Para comenzar, una antología se refiere, entre otras cosas y en pocas palabras, a una compilación los mejores textos de autores. Yo no soy poeta ni escritor, pero decidí realizar mi propia compilación de algunas de las experiencias que he escrito en los últimos meses. Todo esto, luego de que «autostalkeara» mi cuenta en Instagram en uno de esos días de silencio en los que no hallaba nada más que hacer.

He de suponer que muchos, al igual que yo, se toman algún tiempo o sacan inspiración de ciertas experiencias para escribir, para desahogarse o para expresar quizá de una forma diferente -y a veces poco clara- todo lo que vivimos o atravesamos. Sobre todo cuando estas experiencias están sujetas a los sinsabores del amor y todo a lo que ello conlleva. Frida Kahlo sabrá perdonarme por todos mis efímeros y surreales.

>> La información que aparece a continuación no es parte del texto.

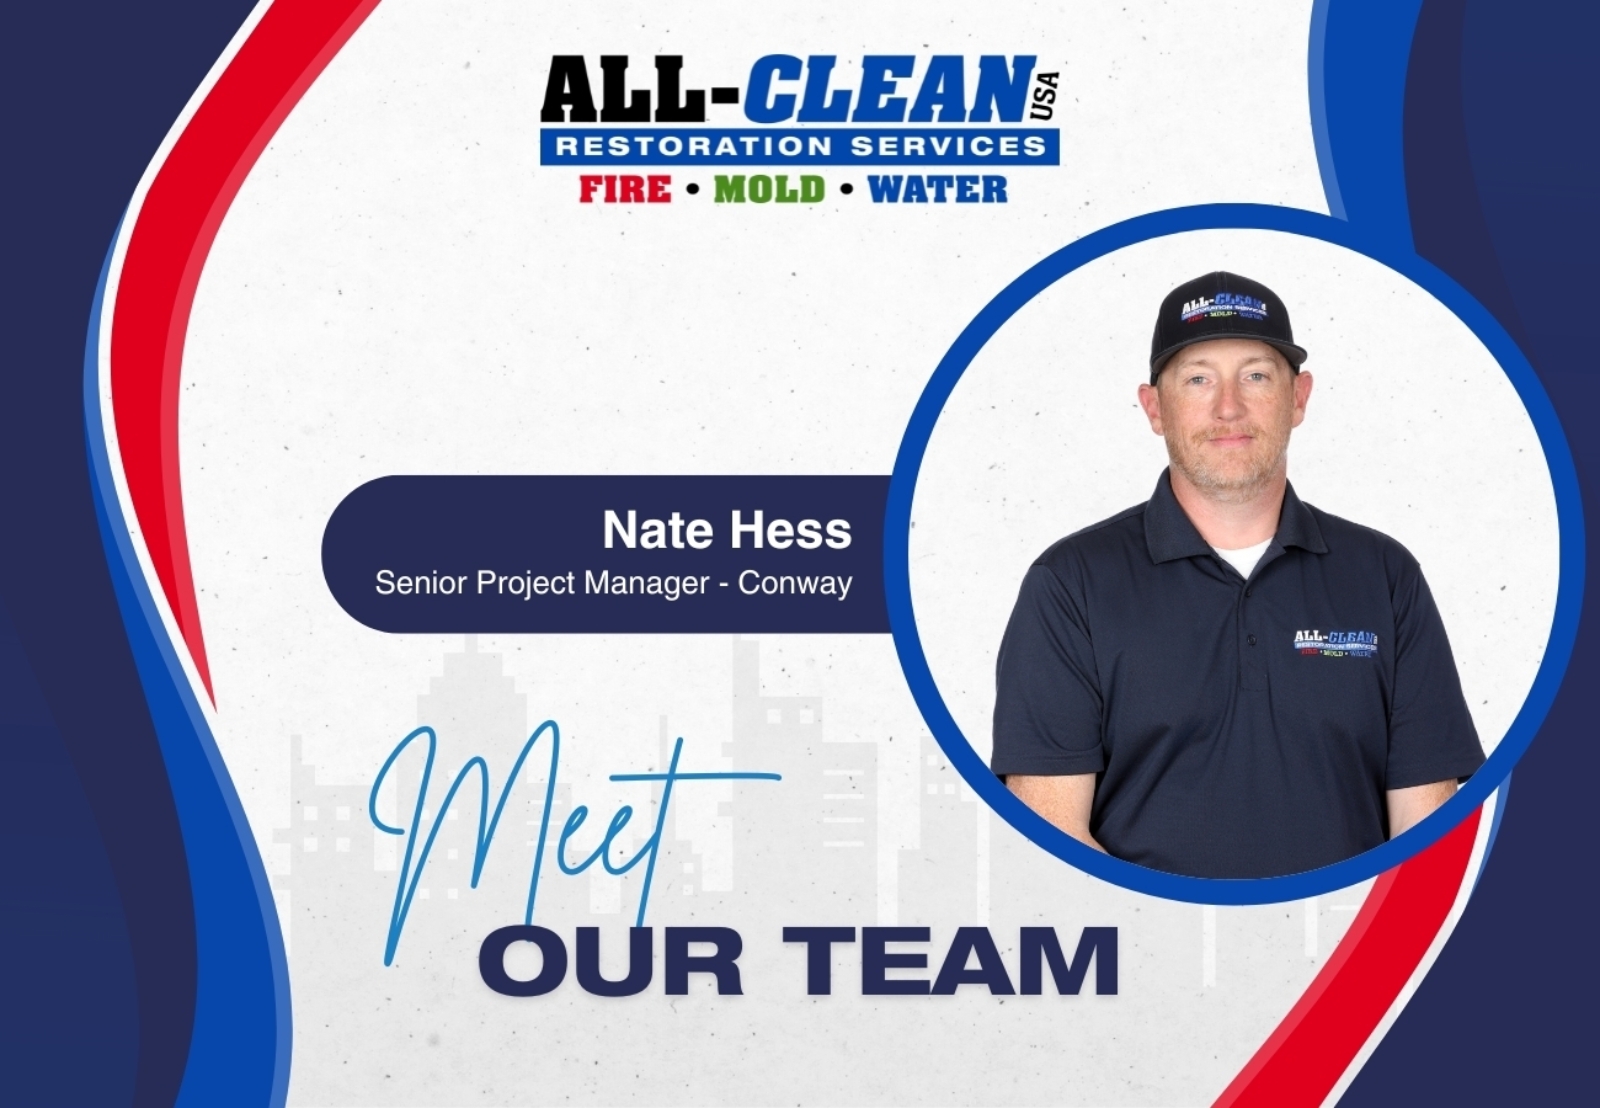 Meet the Team - Introducing Nate Hess

En esos meses que comentaba viví varios momentos que dejé reflejados en algunas letras y que tiempo después me siguieron gustando. Una vez un profesor en la universidad nos comentó que escribiéramos todo lo que quisiéramos o sintiéramos, que lo guardáramos y que un año después repasáramos todo aquello que habíamos plasmado entre las líneas; ya con cierta madurez sabríamos si realmente estábamos de acuerdo o no lo que en algún momento habíamos escrito. Un día, por añaduría, supe lo importante que es agregar a cada cosa la fecha y, si es posible, la hora; solo de esa forma sabremos con precisión en qué momento nació una historia o en qué momento otra se fue a la mierda. Así de seco.

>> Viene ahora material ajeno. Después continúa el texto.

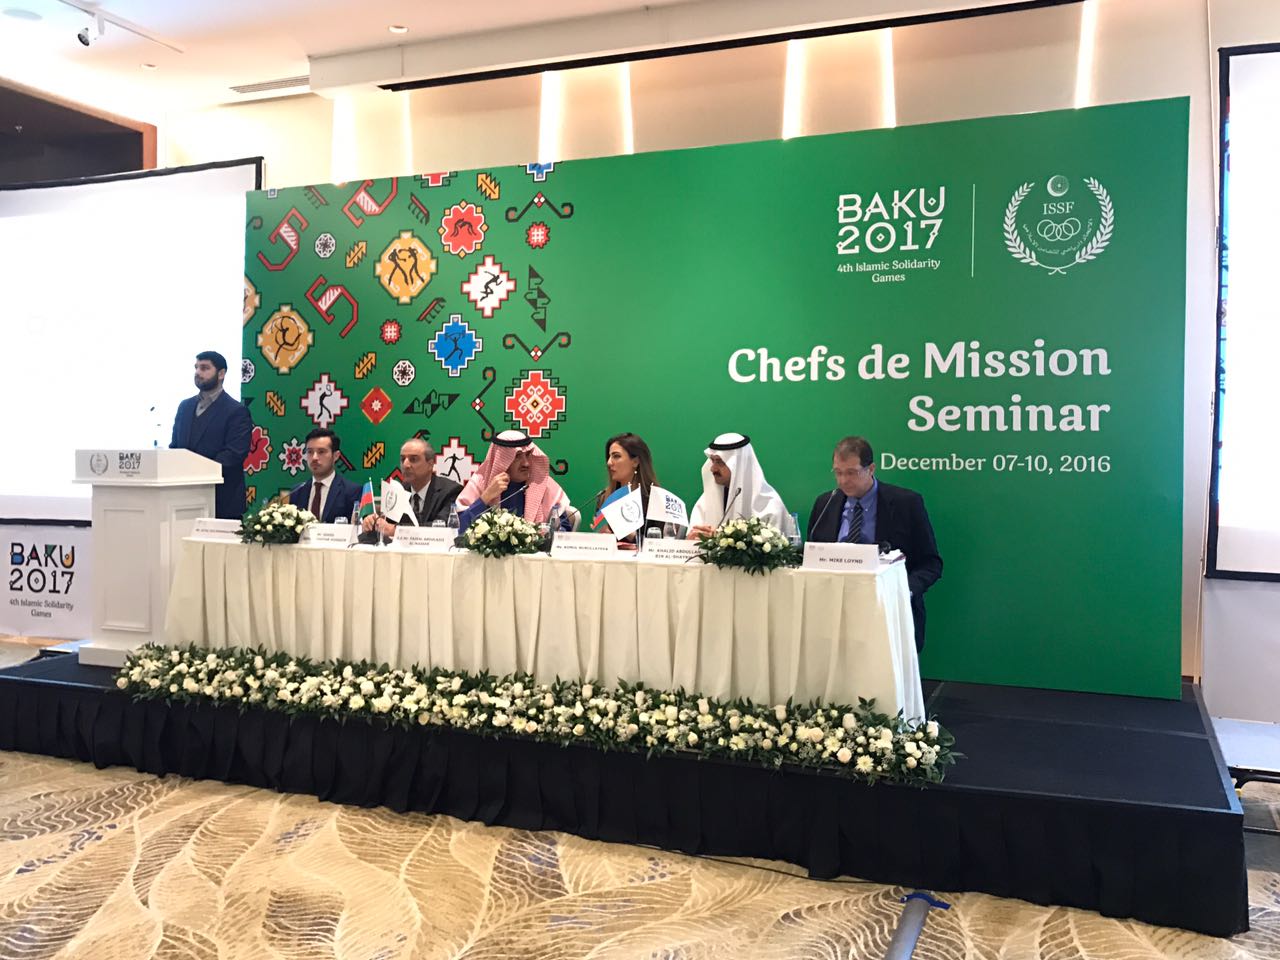  Baku 2017 Welcomes Chefs de Missions ahead of Islamic Solidarity Games

Retomo entonces. Revisando algunas de mis publicaciones reviví ciertas anécdotas y experiencias que me parecieron gratas poder compartirlas, tiempo después, con ustedes que me leen siempre o que no, que vienen, que me buscan o que solo llegan. Así que yo, sin temor alguno, les muestro lo que he decidido llamar, sin la intención de hacer ningún tipo de alarde, mi Antología de recuerdos incurables

La lámpara encendida

Caracas. Jueves, 24 de noviembre, 2016. Noche.

Estuve por unos minutos sin hacer nada más que ver la lámpara encendida que cuelga del techo. Pensé en ti. Como todo el día. «¿Aún no pasa nada?», me pregunté. «Quizá pasa todo», me respondí.

Pensaba, por ejemplo, en que siento miedo, a veces, de ti o de mí. De nosotros, tal vez. Podría este ser un buen momento para otra vez cerrar los ojos y sin pensarlo tanto, abrazarte y lanzarme: hacia ti o hacia tus dudas. Enfrentarlas. Hacer que huyan y borrar el camino de regreso. Para ti, para que no te toquen.

Quizá depende de este «quédate» que tenía atrapado entre mis dedos, «quédate» porque te siento y se siente bonito. Se me hace difícil conseguir la confianza en alguien. Pero la conseguí en tu mirada que atrapaba tanta tormenta y sinceridad: unos ojos marrones que se fundieron en los míos. Y luego comencé a moverme desde mi interior, desde mis piezas, desde mis partes y desde entonces siempre tengo esas ganas de verte, de tratar –aunque se me haga difícil- de hacerte reír, de hacerte sentir bien.

La lámpara encendida y sigo escribiéndote o pensándote. Las dos cosas. Me encanta la forma que nos hace cuando estamos juntos y me gustan también estas ganas inquietas, como un niño, de querer abrazarte cuando te veo. Pudiese ocurrir, ¿no parece eso emocionante?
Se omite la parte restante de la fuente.